When the industry talks about IoT, it does seem like there is only a singular pattern that is applicable across all industries and consumer segments.  The reality is that there are multiple IoT patterns that need to be considered when devising solutions or creating value.  In fact, this may be one of the main problems why an effective value framework does not exist to date.  In this post, I will be discussing six main interaction patterns in IoT.  In my next post, I will discuss a few advanced interaction patterns as well.

At the essence, there are three main actors in a typical IoT interaction. They are:

  1. End user or customer
  2. Business or Organization
  3. Device/Sensor/Appliance (the thing in question)
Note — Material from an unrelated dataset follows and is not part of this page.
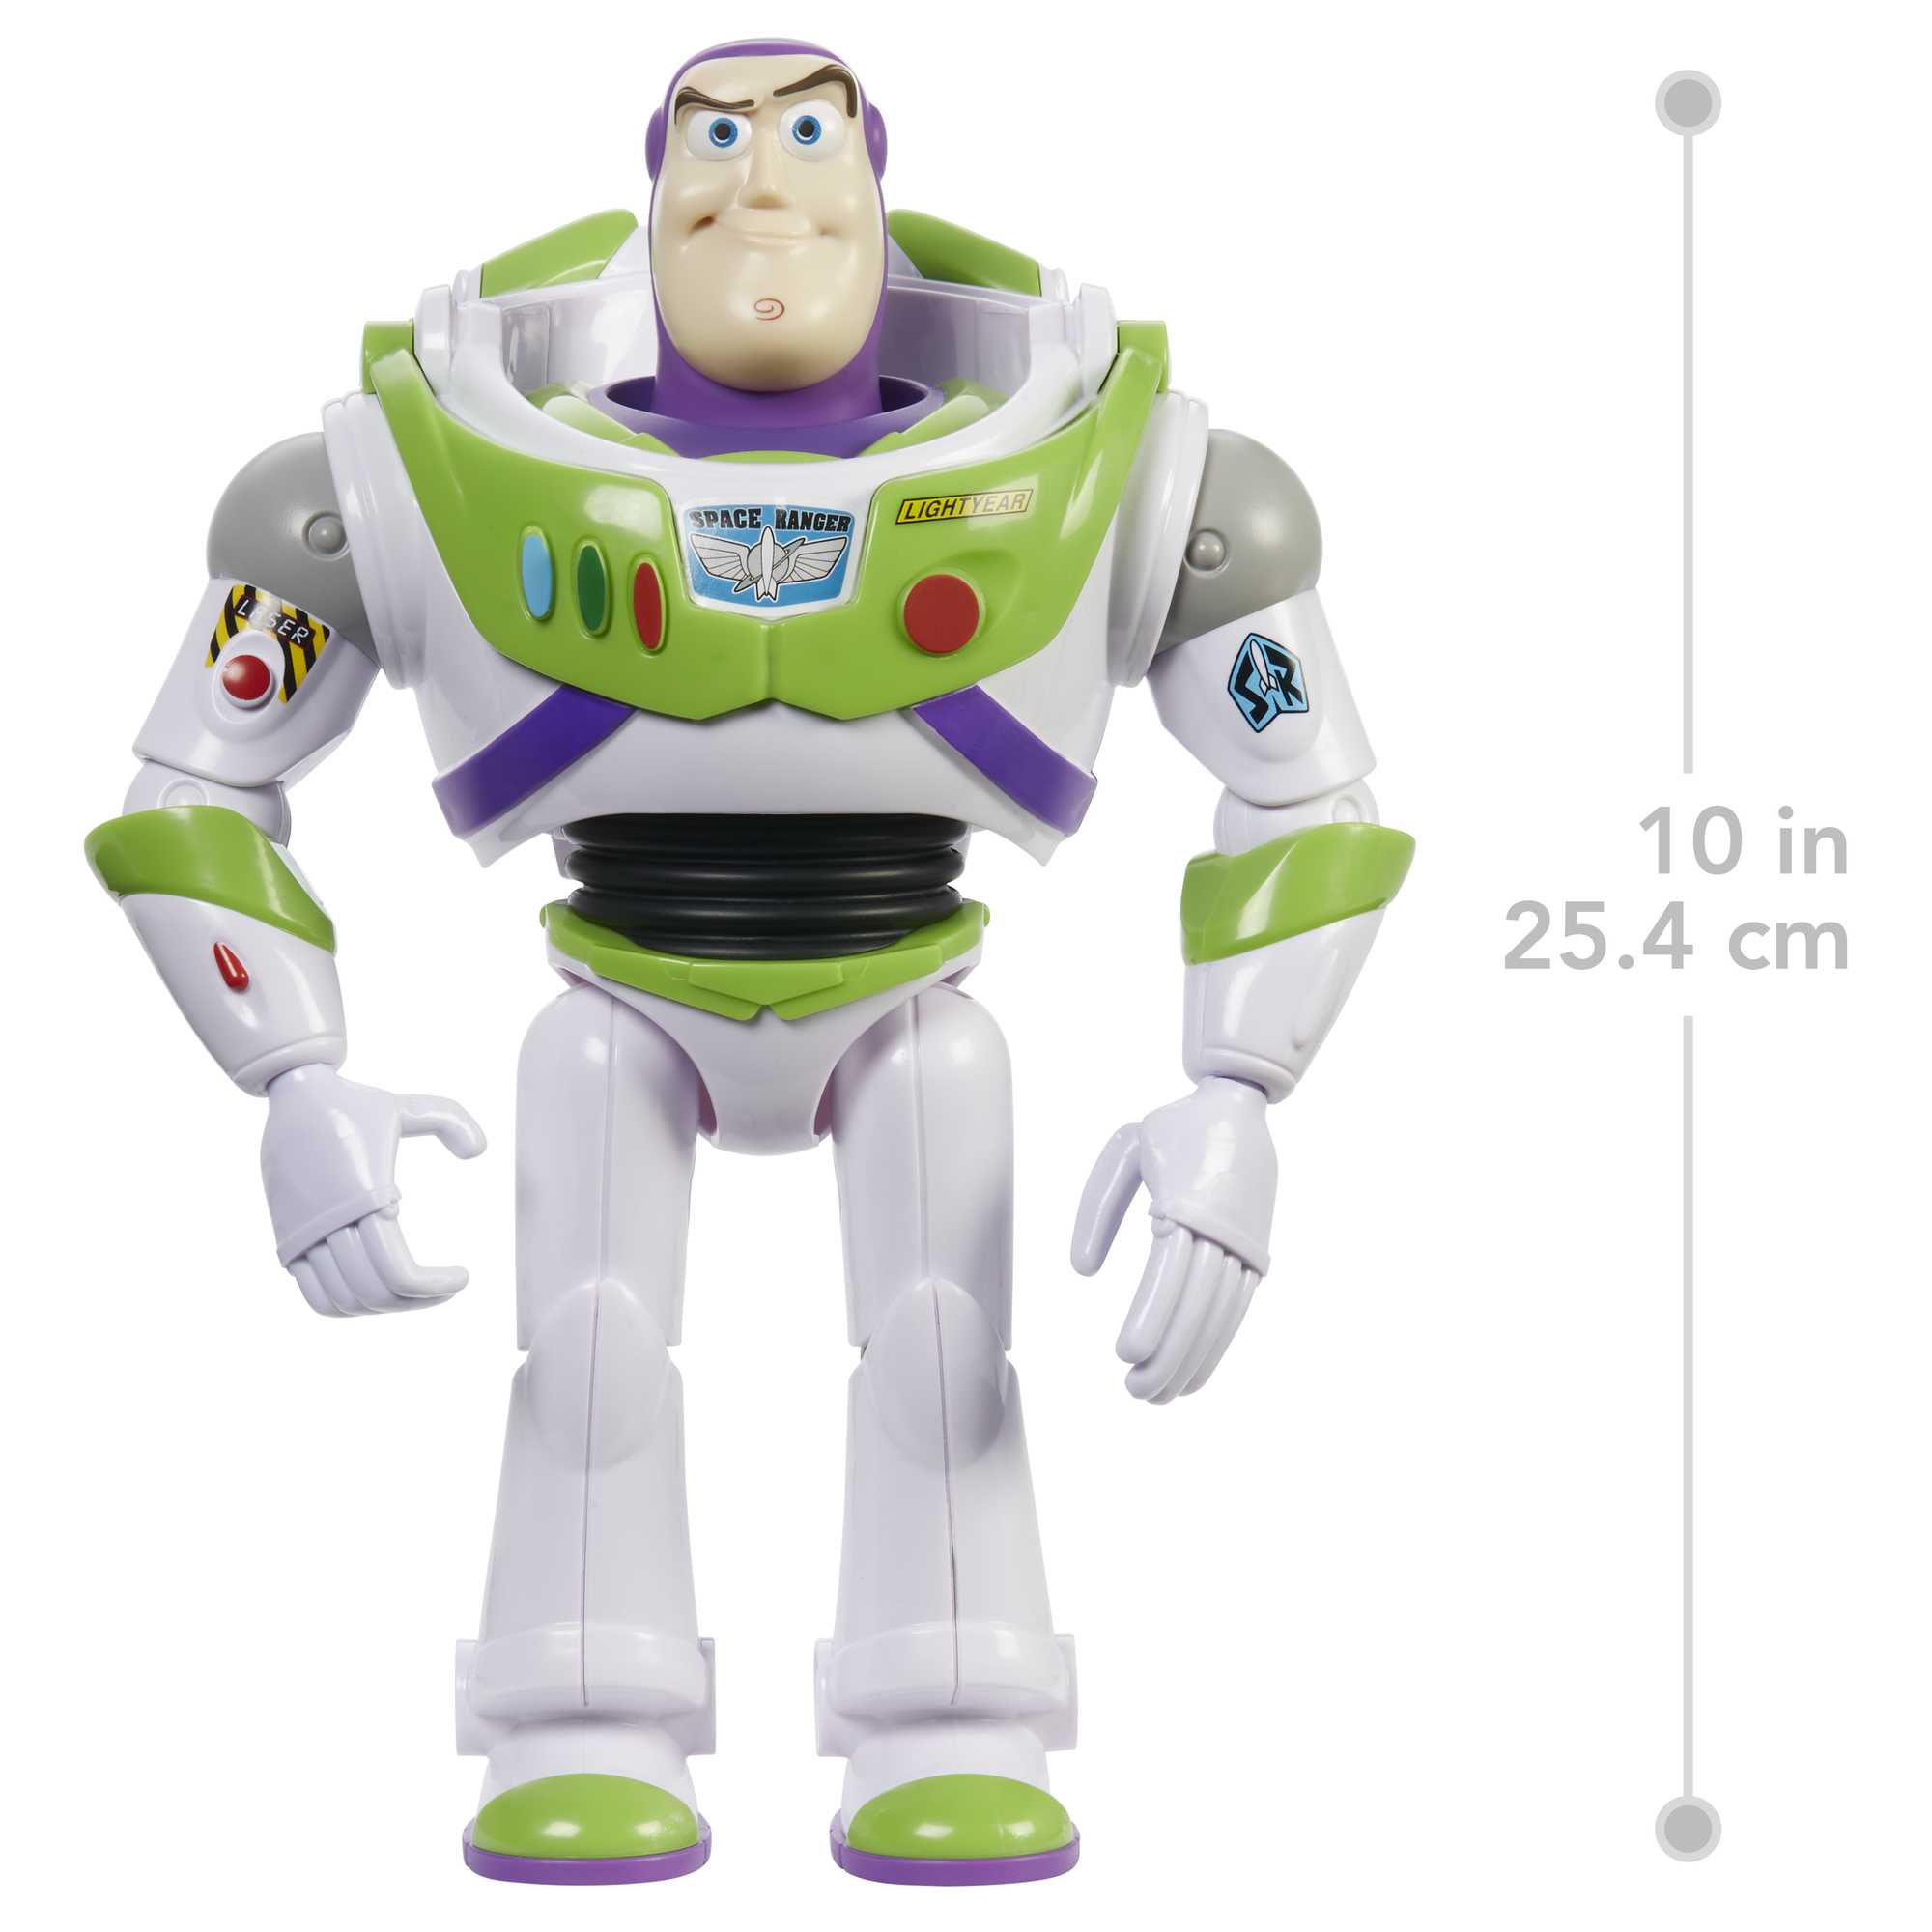 Vintage Toy Story Movie Andy and Buzz Light-year Bonnie Plush

Kees, Oberlander, Roglinger, Rosemann (2015) in their discussion paper at the European Conference on Information Systems present the interactions between these three actors that yield the following basic set of interaction patterns:

  1. Thing to Customer Interaction: In this pattern, the interaction is primarily between the device and the end customer. Little or no interaction exists between the device and the business organization. Examples of this pattern are fitness wearables (Microsoft Band, FitBit, etc.), remote control (remote enablement of automobiles, etc.).
  2. Thing to Business Interaction: In this pattern, the interaction and connectivity is between the device and the business organization. Many times, the end user of the device is probably not aware (or does not care) of all the interactions taking place. Examples are firmware updates of internet provider modems, routers, etc. Another example is a home where a connected refrigerator may be transmitting water filter usage information to the manufacturer.
  3. Customer Centric Interaction: The customer is the key focal point in this interaction model. Both the device and the business communicate through the customer. If the customer chooses to enable connectivity between the other actors, then there is no data exchange. For example, smart operation of lights in a home can only be done by the manufacturer of the device with active cooperation by the customer. Another example is remote entry into a house; unless the customer explicitly authorizes each entry, the security device cannot be unlocked by the company.
  4. Business Centric Interaction: The business is the key focus in this interaction pattern. The usage of this pattern usually implies that some sort of smart learnings are being applied in the operation of the device. Without the business getting involved in the middle and storing/analyzing the data, no smart learnings can be gleaned. A common usage is the drive monitoring OBD (On Board Device) supplied by insurance companies to ostensibly provide cost effective premiums. “Snapshot” OBD provided by Progressive Insurance is a good example. Another example for this pattern is NEST, the machine learning digital thermostat that monitors temperature conditions to optimize heating/cooling in the house.
  5. Thing Centric Interaction: This interaction pattern is probably the least used in monetization models. Most usage scenarios for this pattern reflect emergency situations where the action based on device feedback needs to happen imminently. Consider the case of a sensor that detects abnormal radioactive levels in a nuclear power plant. Obviously taking into account the probability of a false alarm, algorithms are built by the organization that automatically activate safety procedures without waiting for customer intervention. Another example is that of a health bracelet that, upon detecting low pulse rate of the wearer, automatically alerts emergency response team.
  6. Full Actor Interaction: The final pattern is that where all the actors (customers, businesses and devices) interact with each other actively. Consider the following situation: A driver allows her location information and current fuel level of her car to be continuously monitored and shared to the business. In addition, the driver has also enabled her calendar information to be shared with the business. The fuel gauge device automatically triggers an event when it detects low fuel levels. Based on this information (and perhaps time of day), the business can recommend various refueling options. Incorporating the calendar information, fuel levels, traffic conditions and time of day, the organization can recommend a course of events where the driver can refuel, eat lunch and then proceed to her destination in the most efficient way possible.